Joan asks a good and obvious question. “How do two men have a baby?”
“It’s complicated. You need a mother.”
“Who was your mother?”
“That’s sort of what the fight was about. We hired this company to help us through the process and we took all the beginning steps. We even had a mother in place, someone to carry the baby, but in order to get a baby, you need eggs. There was a list of people to choose from, but Syd didn’t like the fact that we couldn’t meet any of these women face to face, and I agreed. It was frustrating, because this was the person who was going to be responsible for what our child would look like and be like.” It seems from Joan’s expression that I’ve completely lost her. “Anyway, Syd had his heart set on someone and I wasn’t sure about it.”
“Who did he want?”
I’ve probably shared enough for one day, but it appears she’s still curious. “My sister.”
Now her brain is really working overtime. “He wanted your sister to be your baby’s mother?”
I don’t know how to explain it, so I just say, “Yes.”
“But you didn’t want your sister?” she asks, although I’m not positive how much of this she actually understands.
“It’s not that I didn’t want her. The whole thing was moving so fast. I just hadn’t gotten around to asking her.”

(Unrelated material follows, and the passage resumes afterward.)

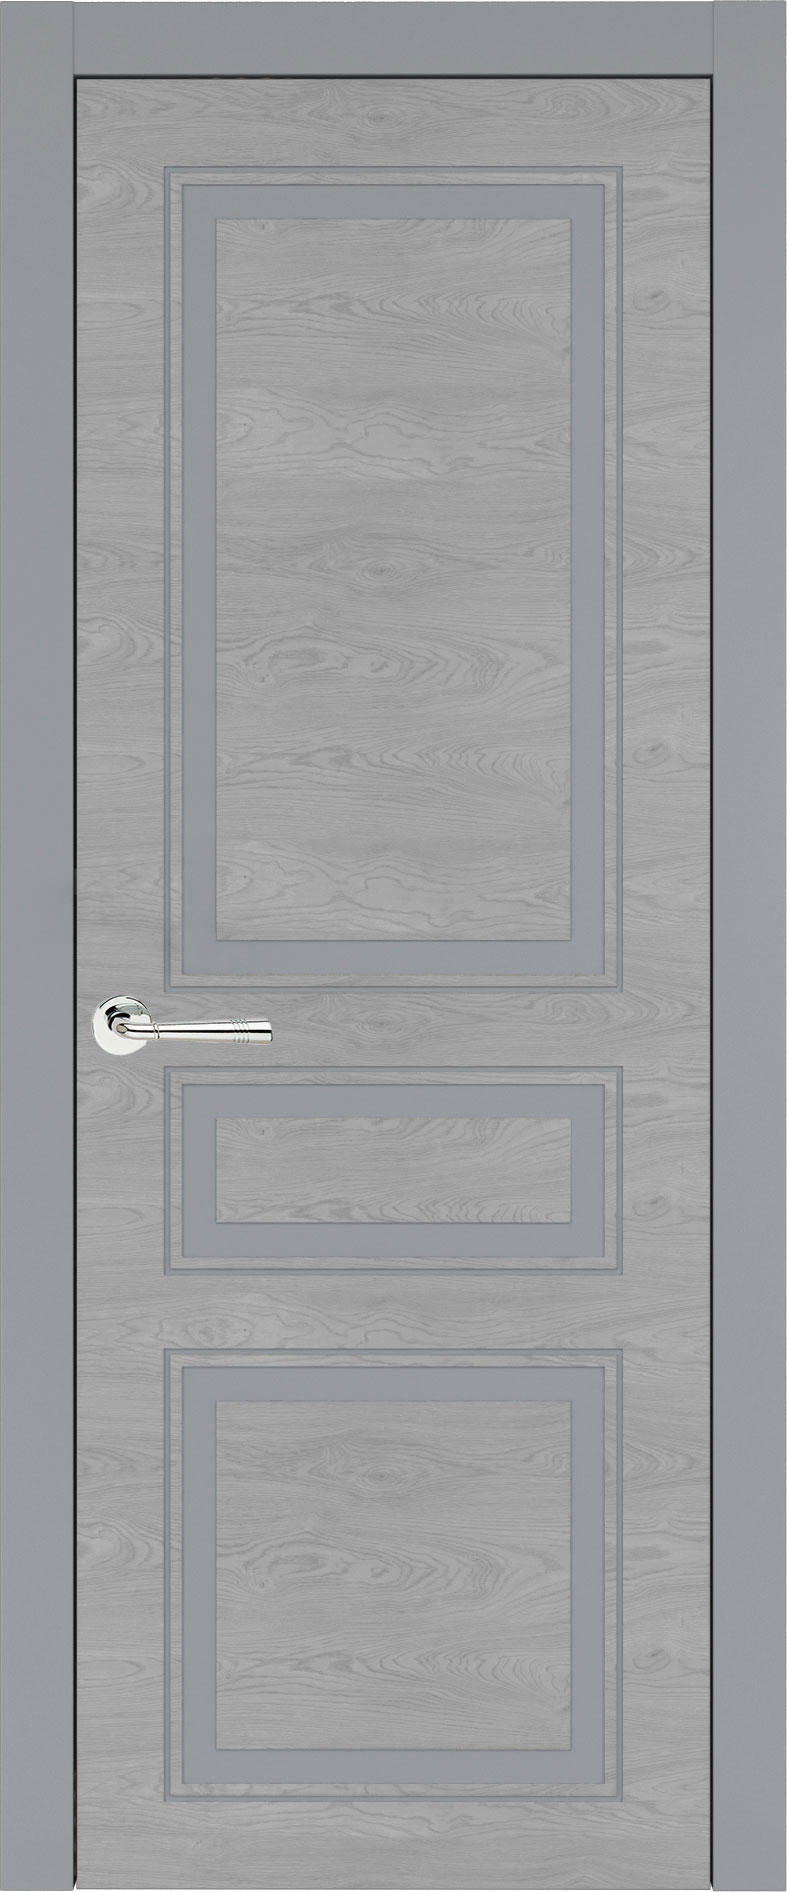 Imperia-R Neo Classic цвет - Серебристо-серая эмаль по шпону (RAL 7045) Без стекла (ДГ)

Using my sister’s eggs was the closest we could ever come to having a baby that included a piece of both of us. I knew Veronica would’ve said yes without hesitation. That’s the very reason I didn’t want to ask her right away. Everything seemed to be moving too quickly. It was as if one night we’d decided to have a kid and the very next day we were cutting a hefty check to an agency and handing over sperm samples and selecting a surrogate. I wasn’t trying to squash Syd’s dreams. I was only trying to apply the brakes for a moment. I just needed more time. On this occasion, time ran out.